Further, to me it seems that intuitively for any $n$ we have $\mathop{\mathrm{D}}^n f$ differing from $f$ in the $f_{\nu(n)}$ term, where $\nu(n)$ is the least nondivisor of $n$ – the function $\nu \colon \mathbb{Z}^+ \to \mathbb{Z}^+$ being defined by $\nu(n) = \min\big\{\,m \in \mathbb{Z}^+ \;\big|\; m \not \mid n\,\big\}$ – and that should not be everywhere-cancellable by later terms, due to the reciprocal square coefficient.
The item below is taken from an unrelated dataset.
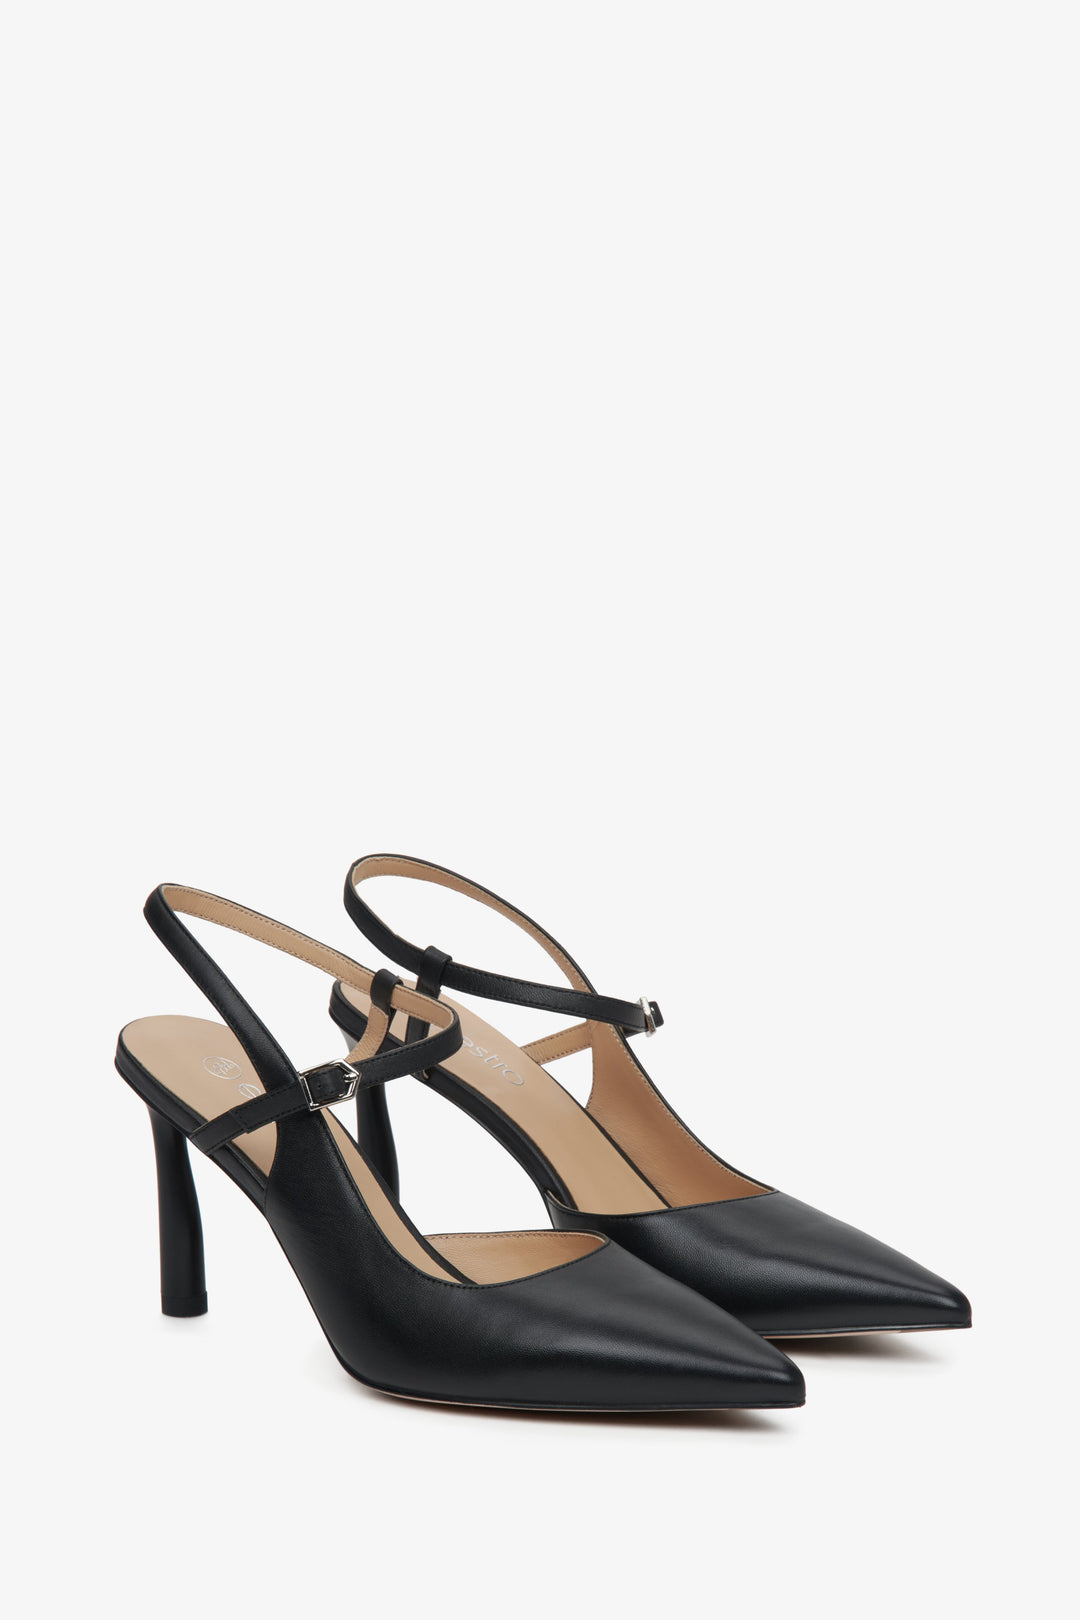 High heeled women's slingback shoes with a pointed toe in black.

Thus, I hypothesize that for any positive integer $n$, ${\mathop{\mathrm{D}}}^n f \neq f$, that is to say that there exists some $x \in \mathbb{R}$ such that $({\mathop{\mathrm{D}}}^n f)(x) \neq f(x)$. Does this hold?
I did not make any progress on an expression of this function in terms of more common functions, without a series.